Для своей племянницы я купила некрашеных игрушек.

О Крис! Это будет мой самый первый знакомый младенец.

Мне разрешили побыть с тобой только три недели, но я думаю, что раз уж я приеду, то побуду с тобой подольше. Целую свою племянницу, передай привет герру Гарцу (последний раз зову его герром Гарцем) и тебя целую, Крис, крепко, крепко. Твоя любящая

Грета".

Кристиан встала, медленно повернулась и, облокотившись на спинку стула, посмотрела на мужа.

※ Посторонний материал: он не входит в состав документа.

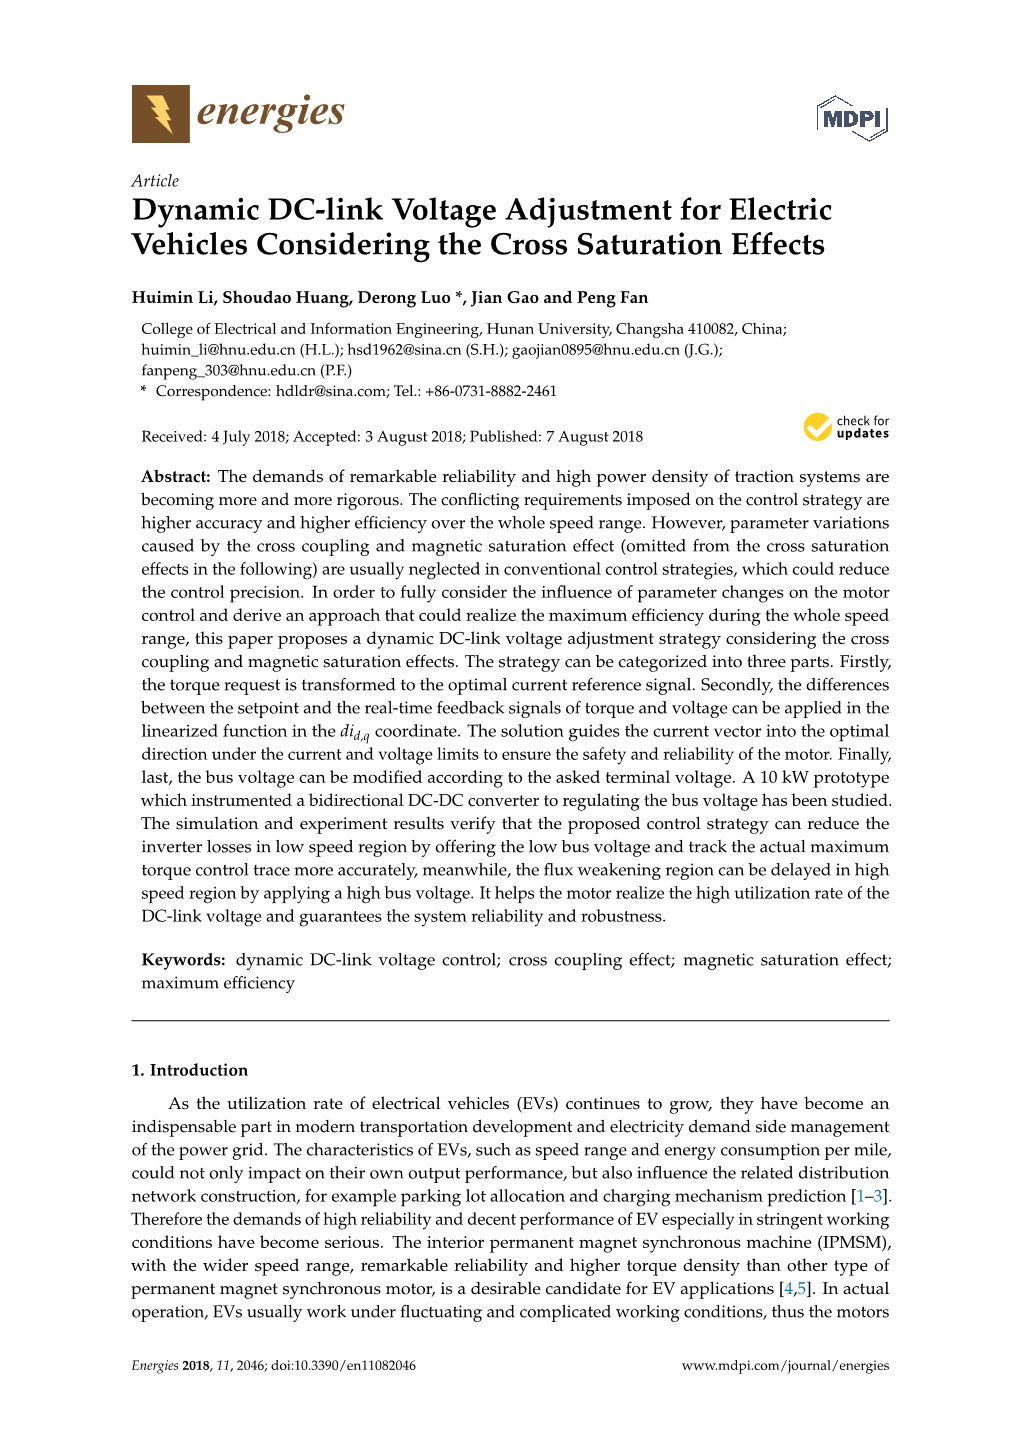 Dynamic DC-Link Voltage Adjustment for Electric Vehicles Considering the Cross Saturation Effects

В ее внимательном, светлом, немного улыбчивом взгляде была какая-то грустинка, словно этот усердный человек, склонившийся над холстом, на какое-то мгновение перестал быть для нее самым близким, самым дорогим на свете.

- Устала? - спросил Гарц, касаясь губами ее руки.

- Нет, вот только Грета напомнила о весне; весна заставляет желать больше того, что имеешь.

Тихонько высвободив руку, она вернулась к окну. Гарц посмотрел ей вслед, потом, взяв палитру, снова стал писать.

За окном, высоко в небе пролетали пушистые облака; деревья наливались соком, и лопались почки.

А Кристиан думала: "Неужели мы никогда не бываем довольны?"

1900 г.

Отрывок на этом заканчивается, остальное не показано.